Data segment Start Marker
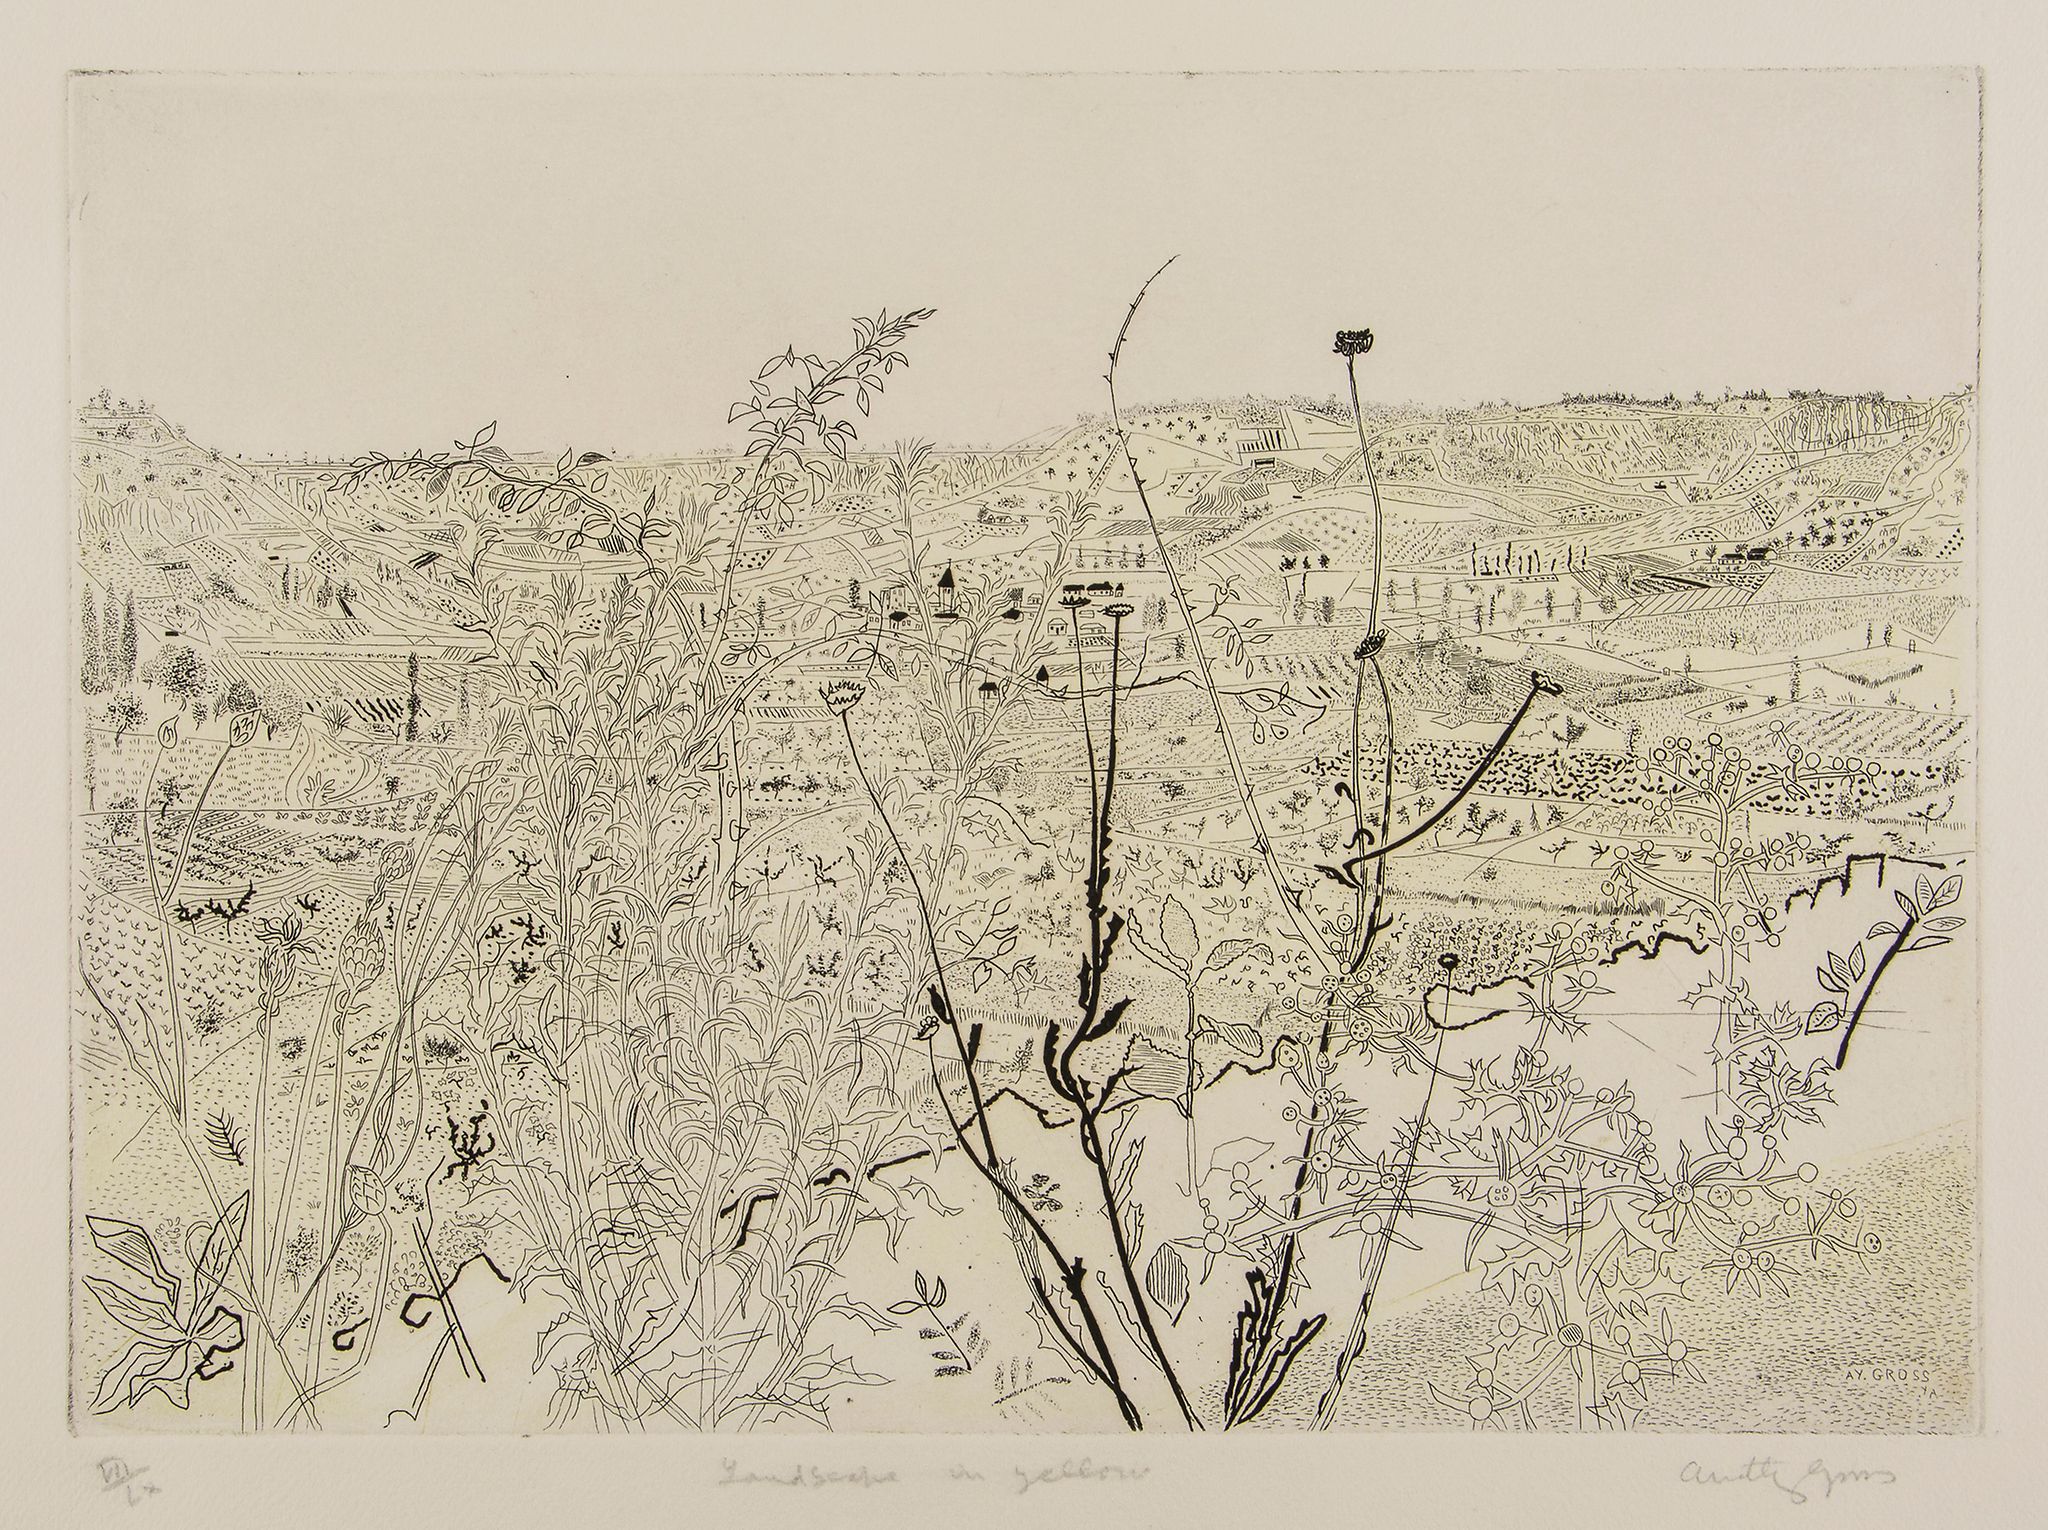 Anthony Gross (1905-1984) - Paysage du Lot etching with yellow wash, 1951, signed and titled in
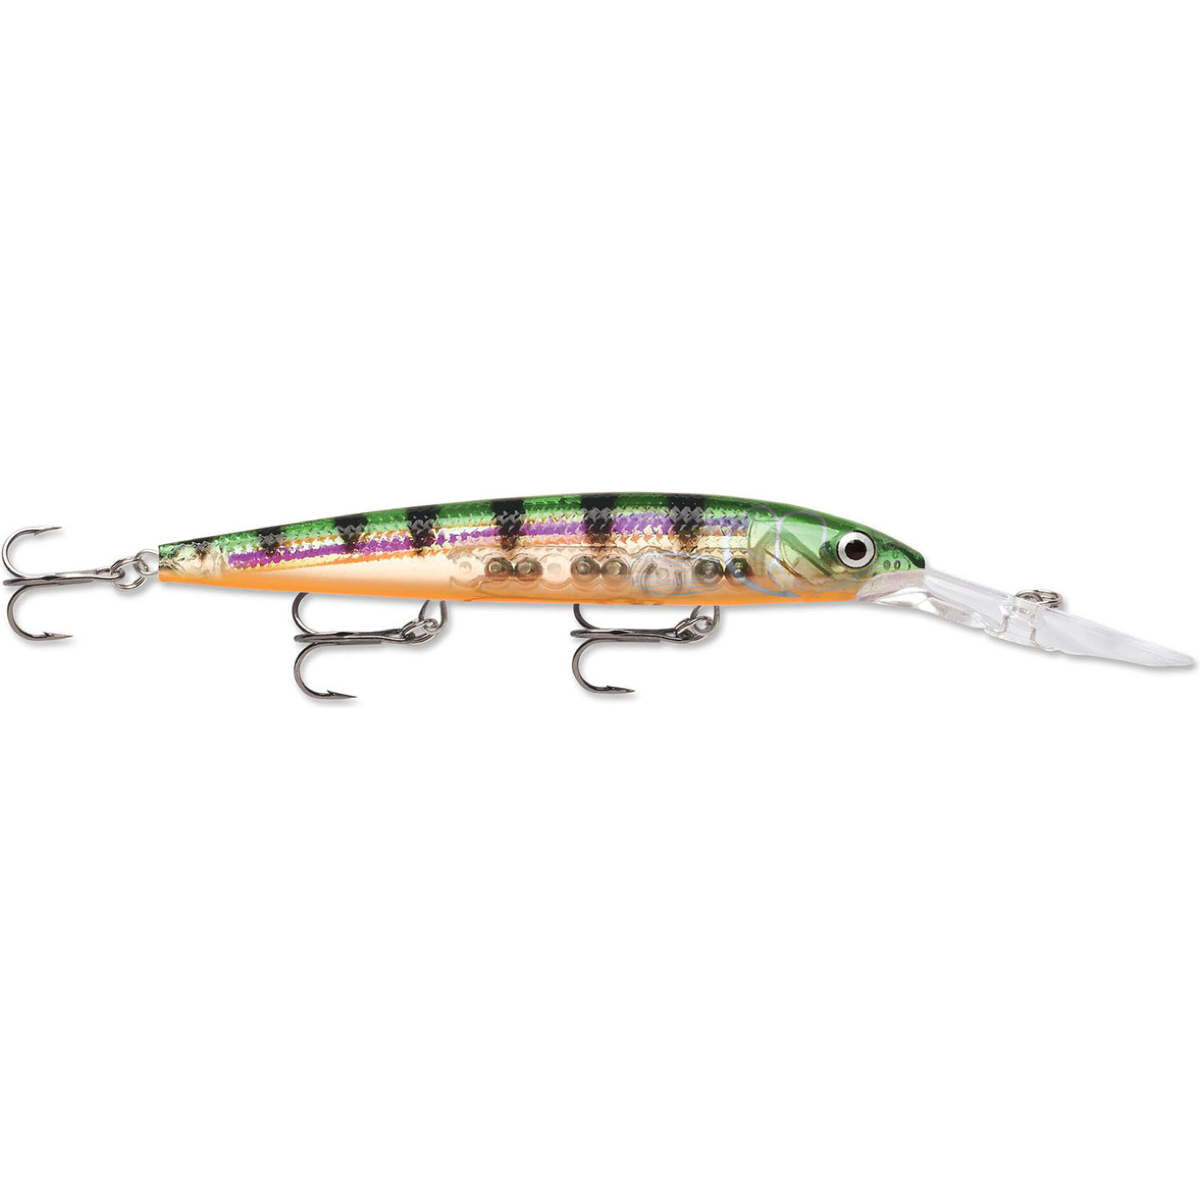 Photo of Rapala Down Deep Husky Jerk for sale at United Tackle Shops.
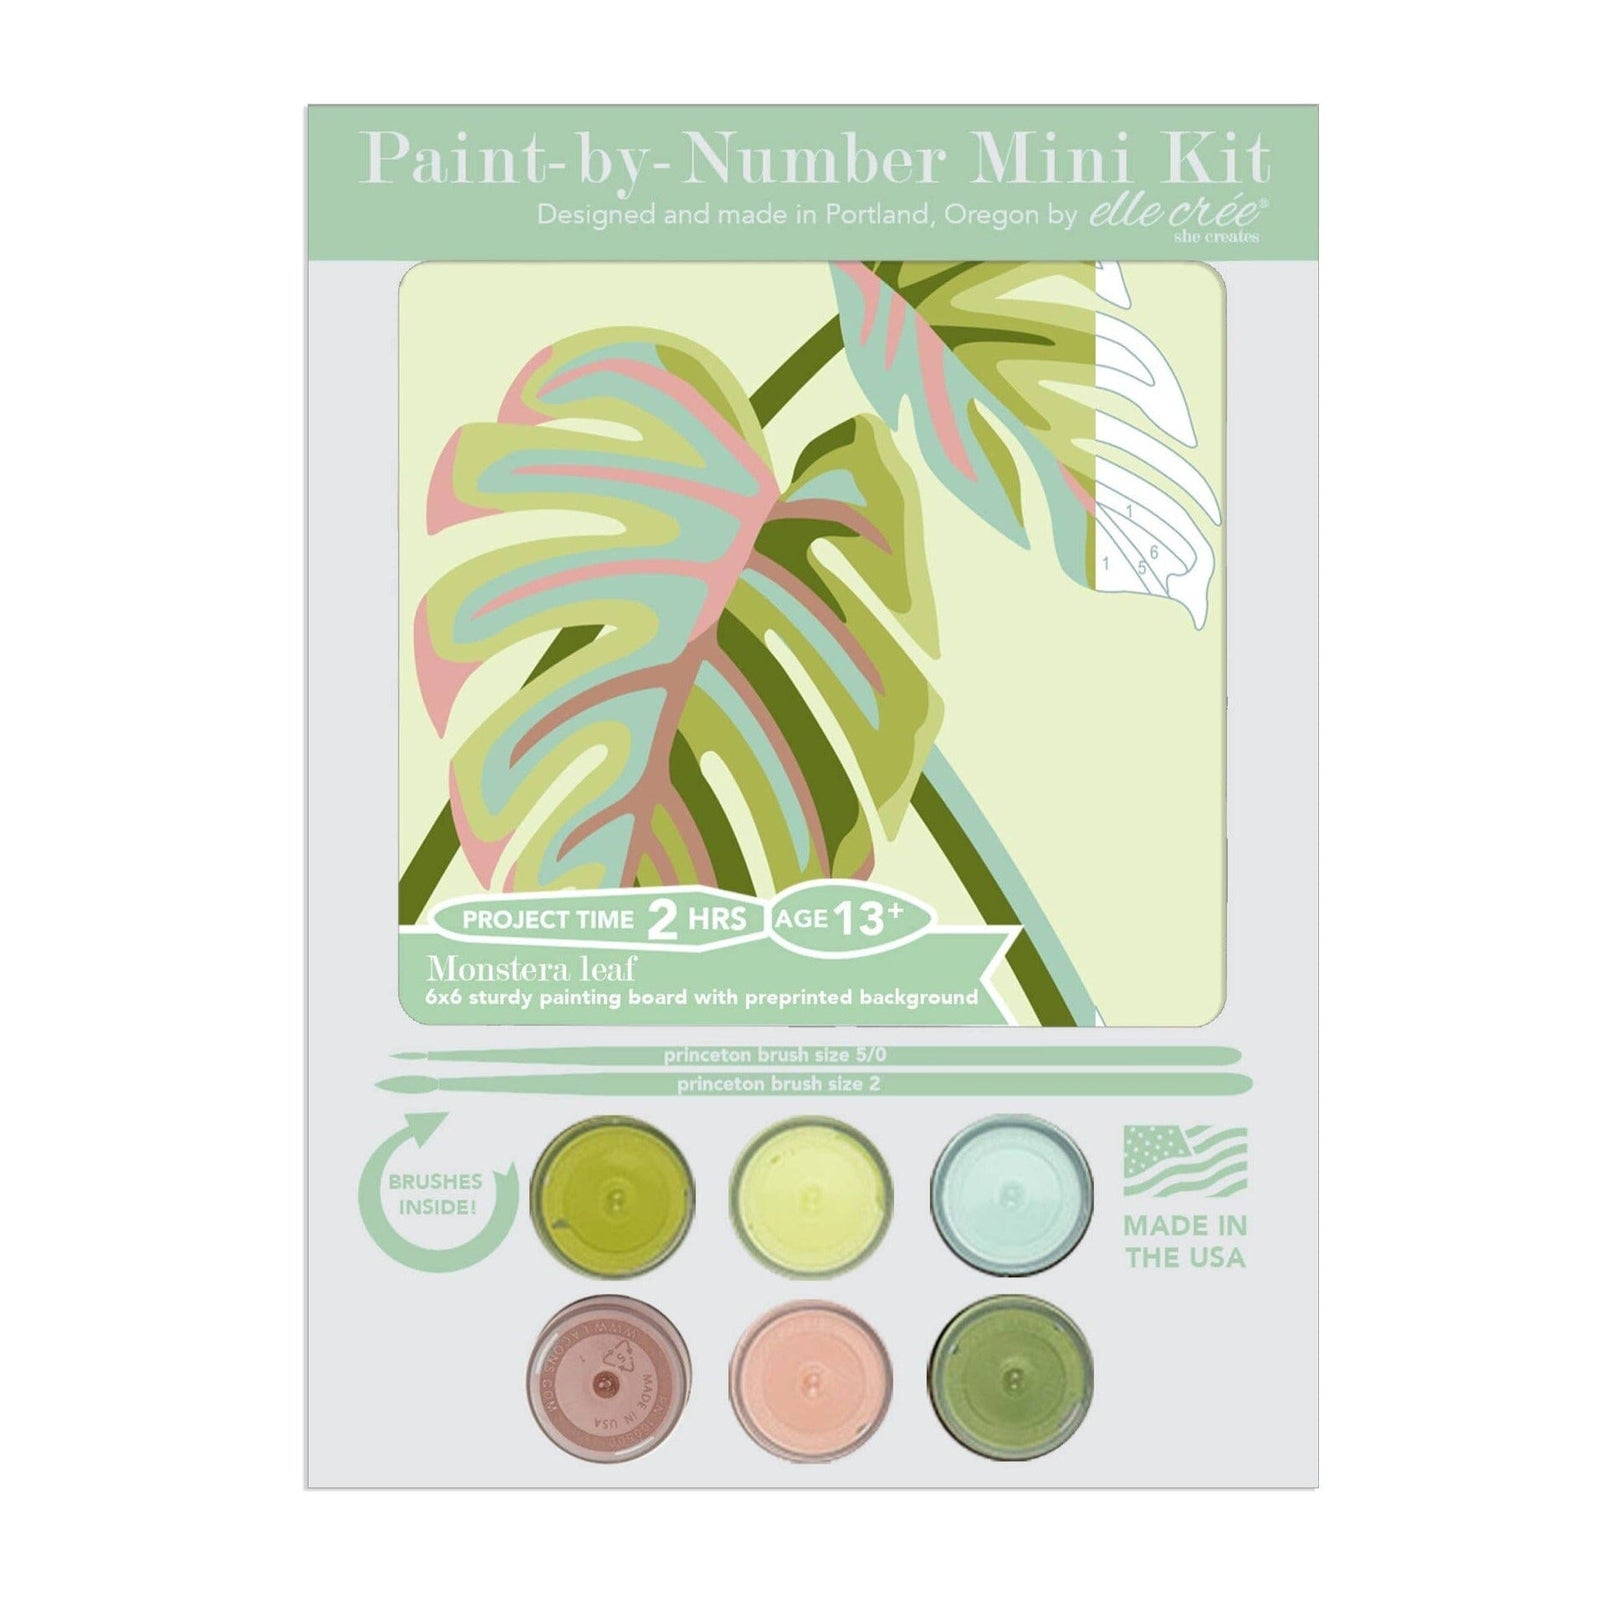 Paint-by-Number Kit - Fox with Chicory - Gift & Gather
Data segment End Marker
**Problem requirements:** Exact copy, pictures omitted: every line from the one holding "Photo of Rapala" through the last line of the data above, and nothing else.

**Task solution:**
 Photo of Rapala Down Deep Husky Jerk for sale at United Tackle Shops.
 Paint-by-Number Kit - Fox with Chicory - Gift & Gather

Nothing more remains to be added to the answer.